Ривка: Филипп был большой человек, во всех смыслах слова: большой ростом, большой душой, большой своими способностями и большой своей смертью. Важно помнить, особенно молодежи, что имя человека определяется тем, что он оставил в мире после себя.
Элиэзер Шаргородский: Вы долго работали вместе?
Р. : Я его знаю с тех пор, как ему было 15 лет. Мы работали вместе каждый день.
Э. Ш.: Между вами было какое-то распределение обязанностей?
Р. : Нет. Мы работали вместе. Началось это так. Я была водителем скорой помощи. Однажды, после обеда, подходит ко мне такой смешной парень, высокий, в очках, и спрашивает: «Можно, я буду с тобой работать?». «Да. – говорю я ему. – Но чтобы не было с тобой никаких проблем». «Ни в коем случае. Я просто хочу с тобой работать» – ответил он. С первого же дежурства мы нашли общий язык и я поняла, что хочу, чтобы этот мальчик все время работал со мной. Мы работали в Иерусалиме. Так мы стали «парочкой», и нельзя было больше увидеть Ривку без Филиппа и Филиппа без Ривки. Я его называла «Фелиппе». Все знали, что Ривка и Фелиппе всегда работают вместе.
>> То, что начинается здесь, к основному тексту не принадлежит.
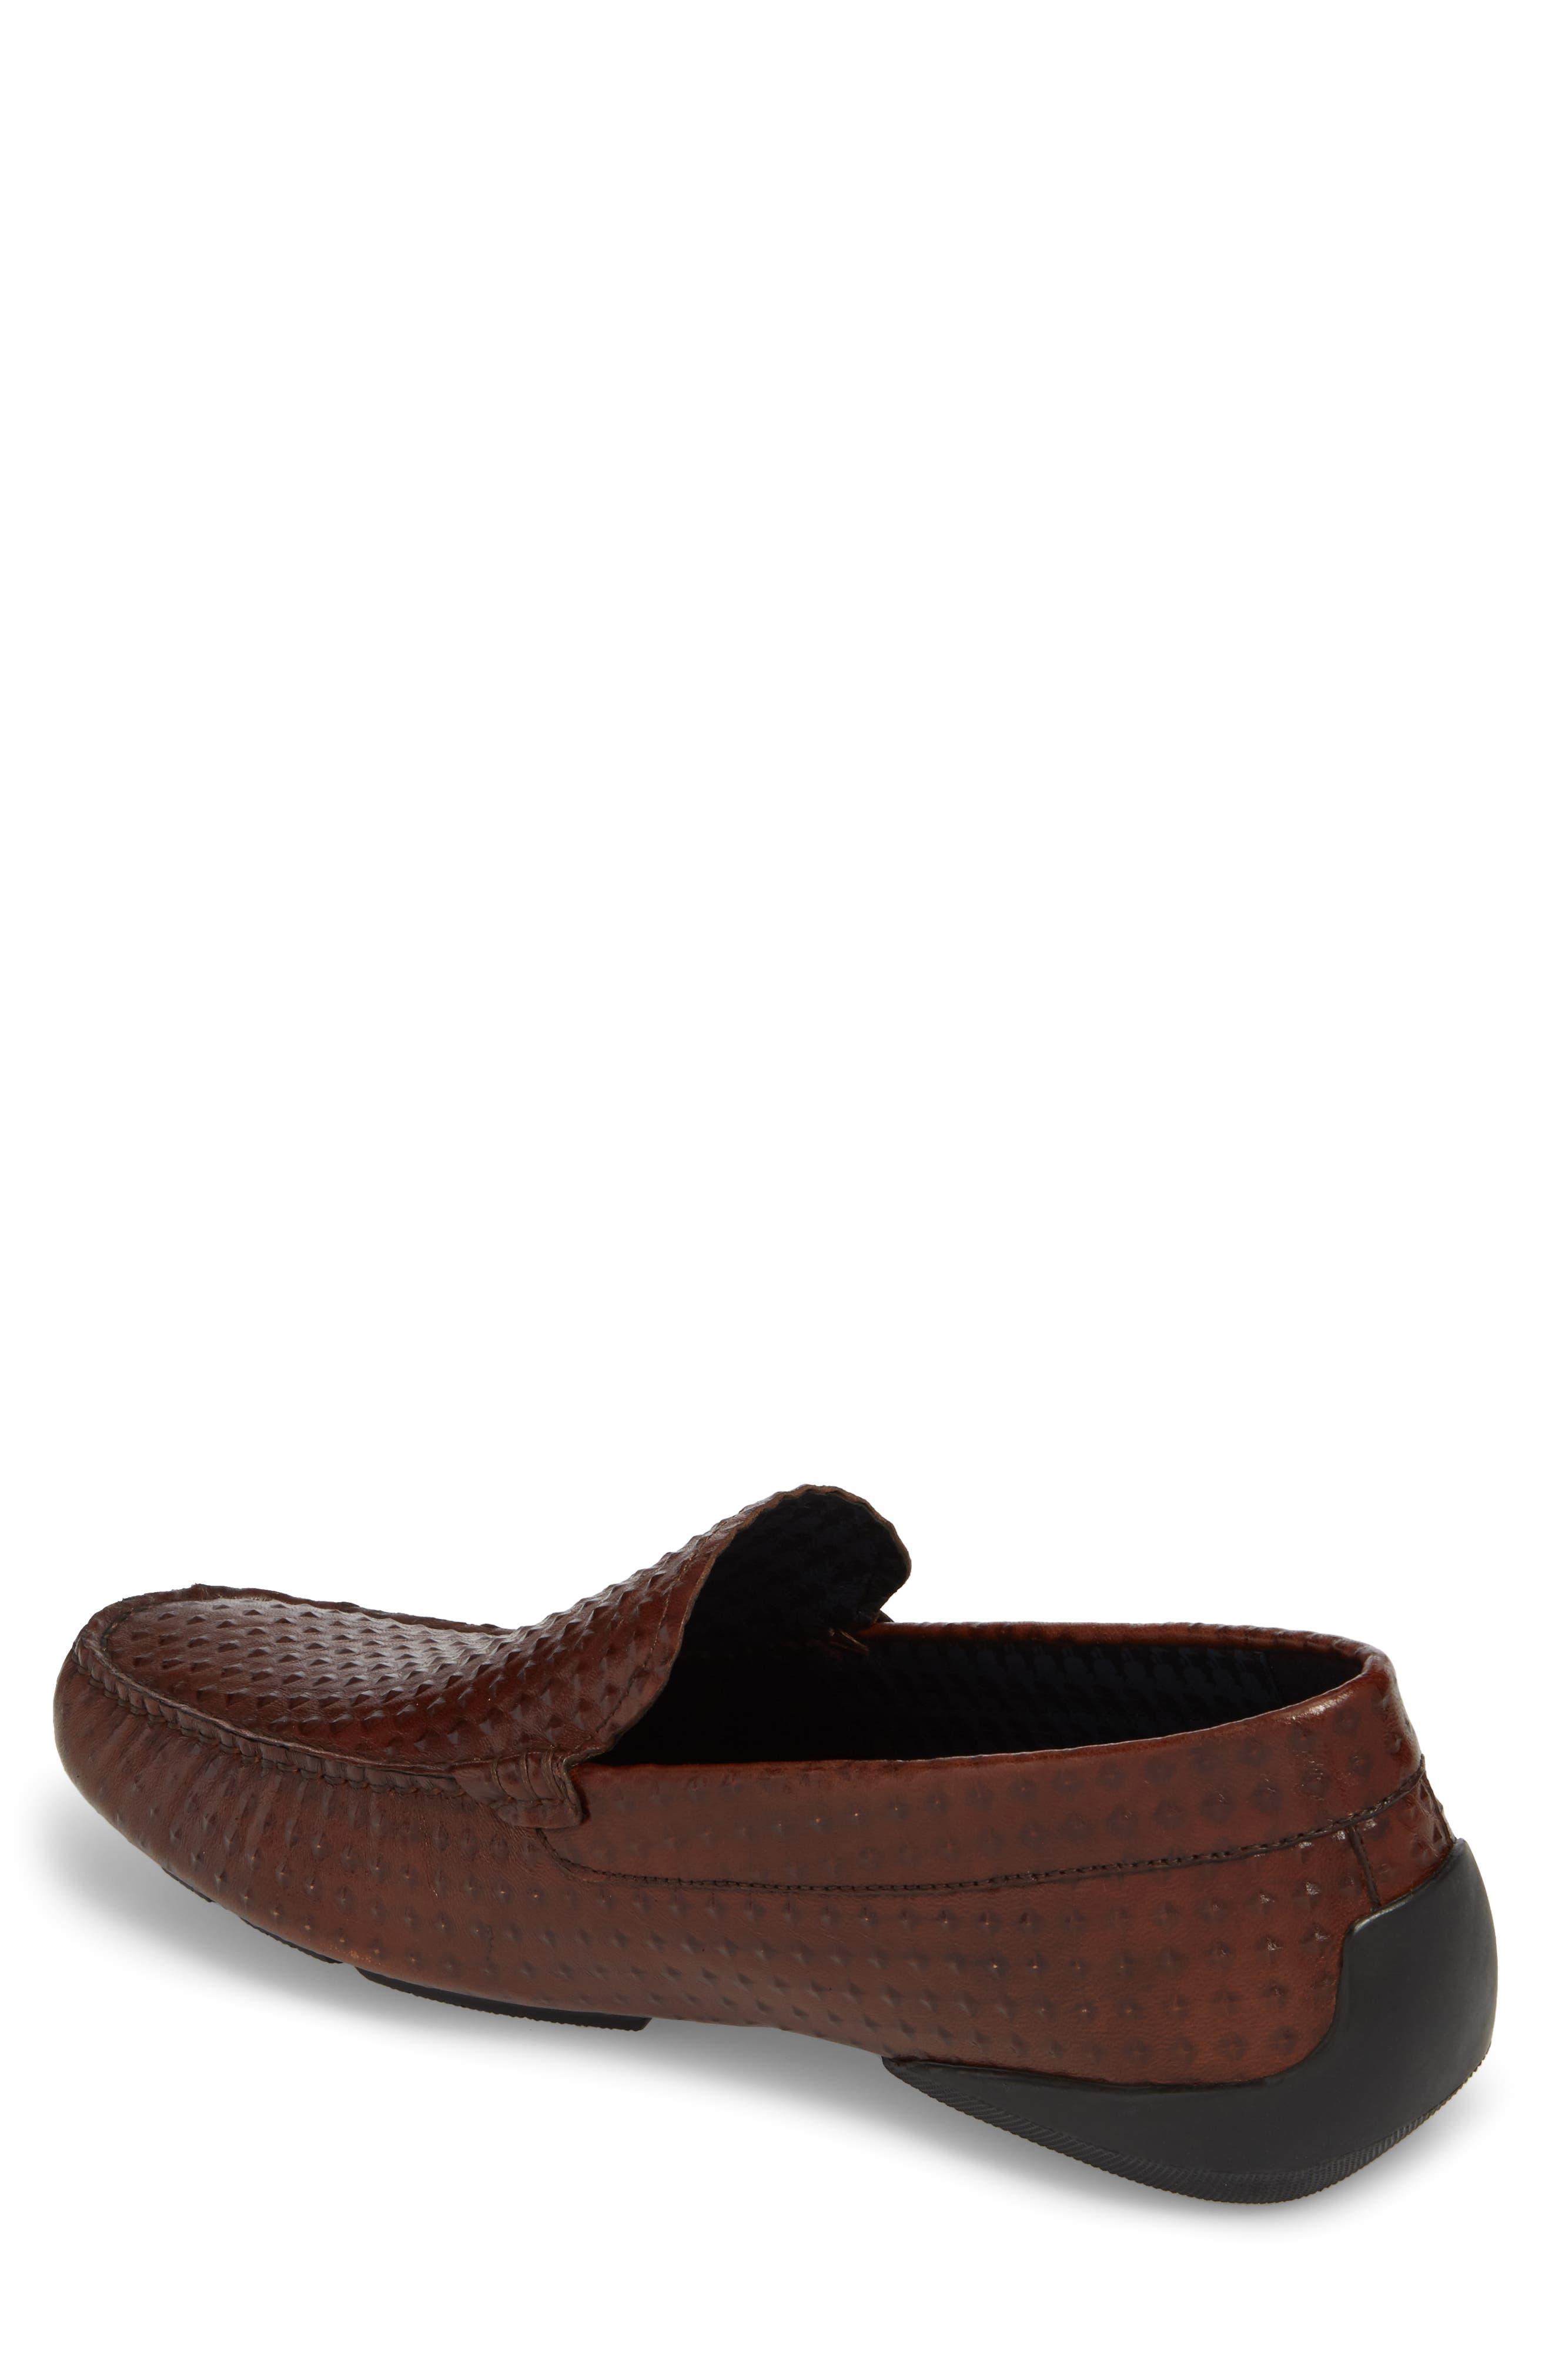 Driving Shoe,                             Alternate thumbnail 2, color,                             Cognac

Только когда он работал в реанимационной «скорой помощи», мы работали отдельно. Он должен был отработать там 80 дежурств, чтобы получить удостоверение парамедика. Он хотел добиться этого как можно скорее.
Э.Ш.: Зачем?
Р. : Это давало ему возможность заниматься более сложными случаями.
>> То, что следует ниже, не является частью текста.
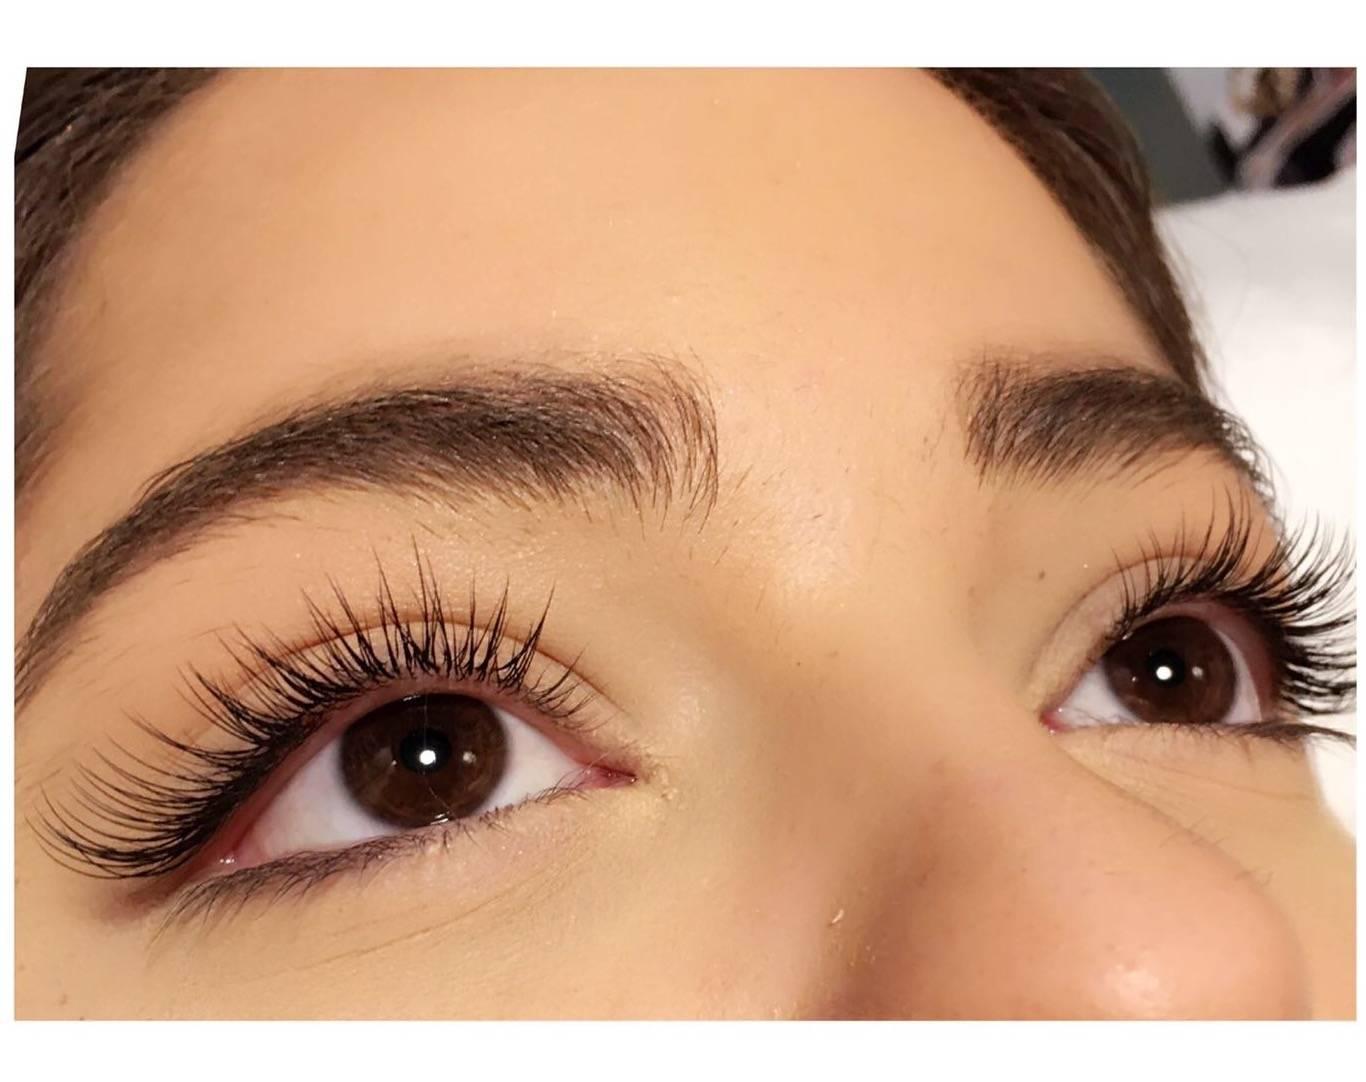 natural eyelash extensions by Moka & Sarah

Э. Ш.: Иными словами, он стремился иметь больше полномочий, чтобы спасать людей?
Р. : Несомненно! С самого начала он знал, что хочет быть парамедиком, а может быть, и врачом.
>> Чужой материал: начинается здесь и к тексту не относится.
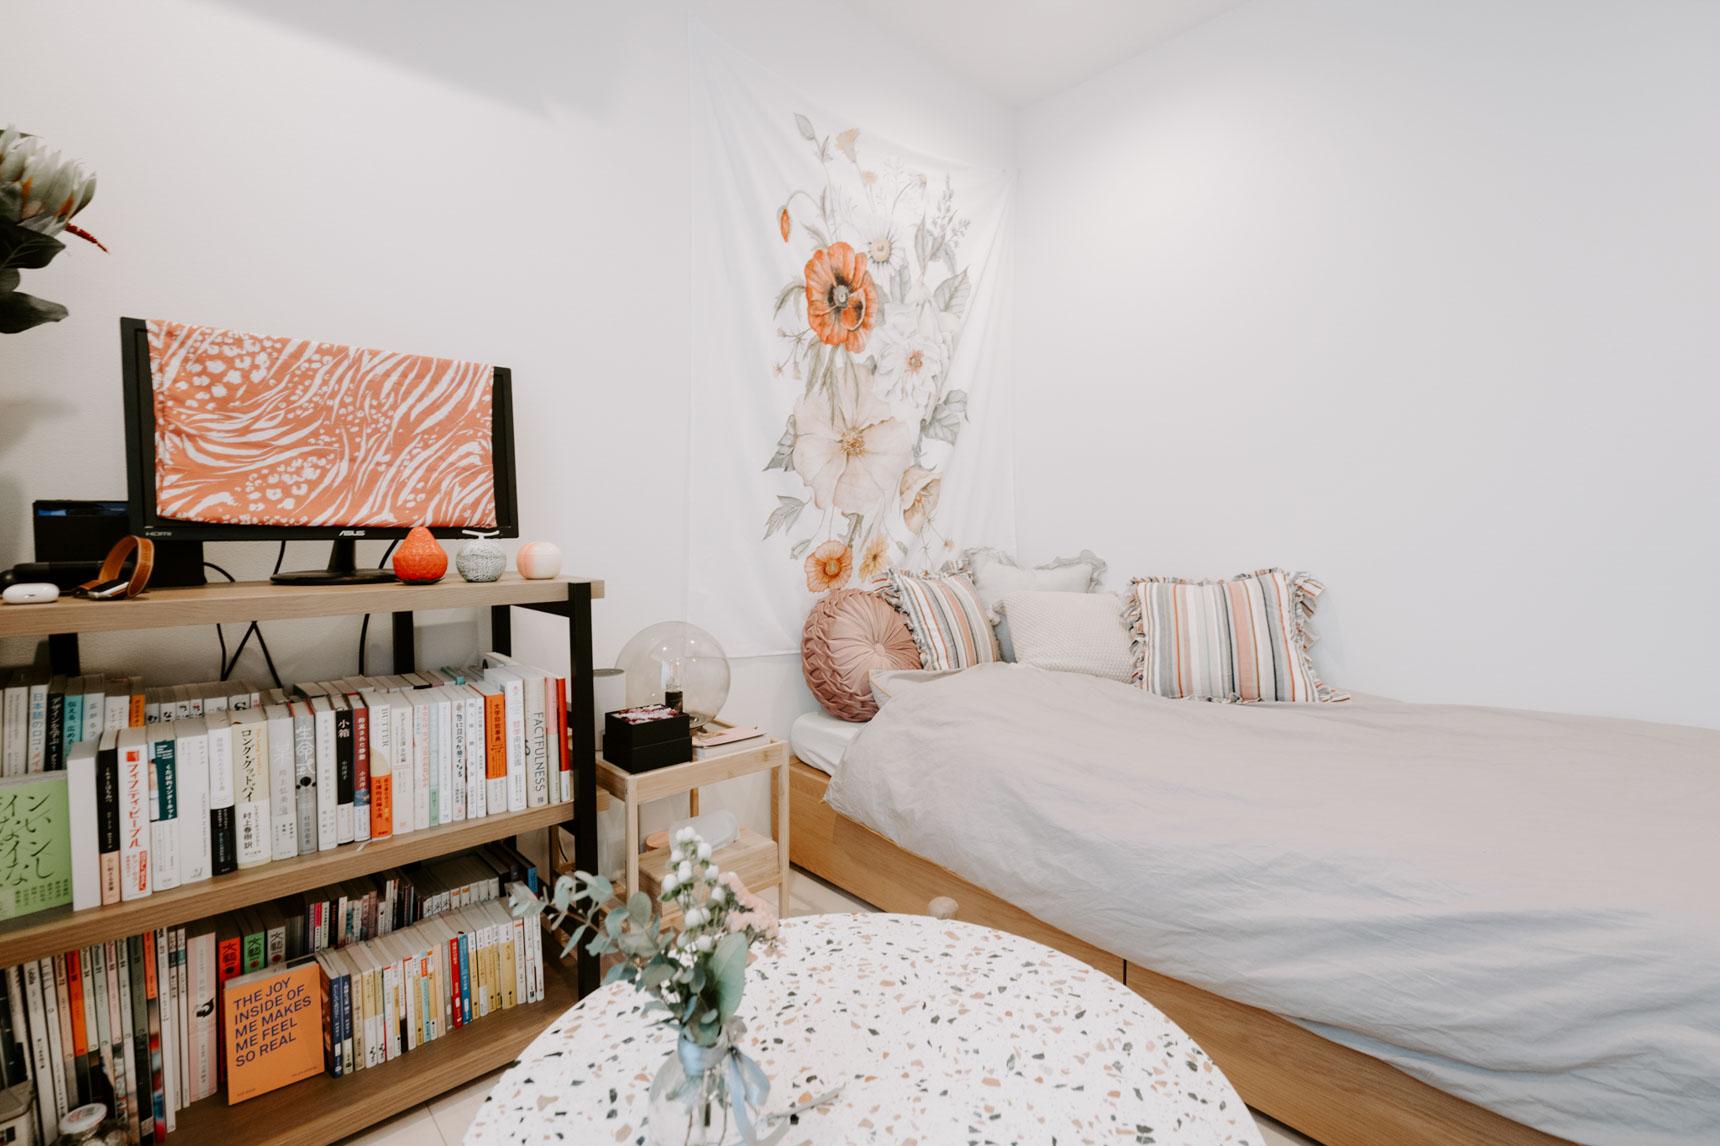 壁には印象的なフラワーモチーフの布を飾って。

Э. Ш.: В чем состоят обязанности парамедика?
Р. : Парамедик знает все, что знает врач. Просто врач учит это за 8 лет, а он за полгода. Он проходит очень интенсивный курс. Филипп мог нескольких врачей за пояс заткнуть. Он обладал огромными знаниями, приобретенными на курсах, из книг, которые он вечно читал, из интернета, в котором проводил все свободное время. Он просто не мог допустить, чтобы в какой-то ситуации не знать, как поступить. Кроме всего этого, Филипп умел внушать спокойствие. От него передавалось ощущение, что больной в надежных руках. Даже мне было приятно чувствовать себя такой маленькой по сравнению с ним – таким большим. Он был большим человеком с детской физиономией. Он все время смеялся. Никто никогда не видел, чтобы он злился. Даже когда был усталый, когда только просыпался и надо было за кем-то ехать, и я ему говорила: «Да ты еще спишь!», он мне отвечал: «С чего ты взяла? Я не сплю. Я ждал именно этого случая».
Э. Ш. : Что вы подразумеваете под словом «случай»?
Р.: Мы сидим на станции и ждем вызова, то ли к больному, то ли на аварию. Я обычно сидела у телефона. Он пока играл в нарды с ребятами, беседовал или просто отдыхал, так как очень часто это было не первое его дежурство. Иногда он приезжал прямо с дежурства в гражданской обороне.
Э. Ш. : Ваши дежурства всегда совпадали?
Р.: Бывало, я ему говорю, что работаю завтра утром. Так он начинал волноваться, мол «ой, как же мне школу пропустить?». Тогда я ему писала от имени мамы разрешение. Например, что он должен помогать мне дома и по этой причине не может придти в школу. Таким образом мы работали и в школьное время.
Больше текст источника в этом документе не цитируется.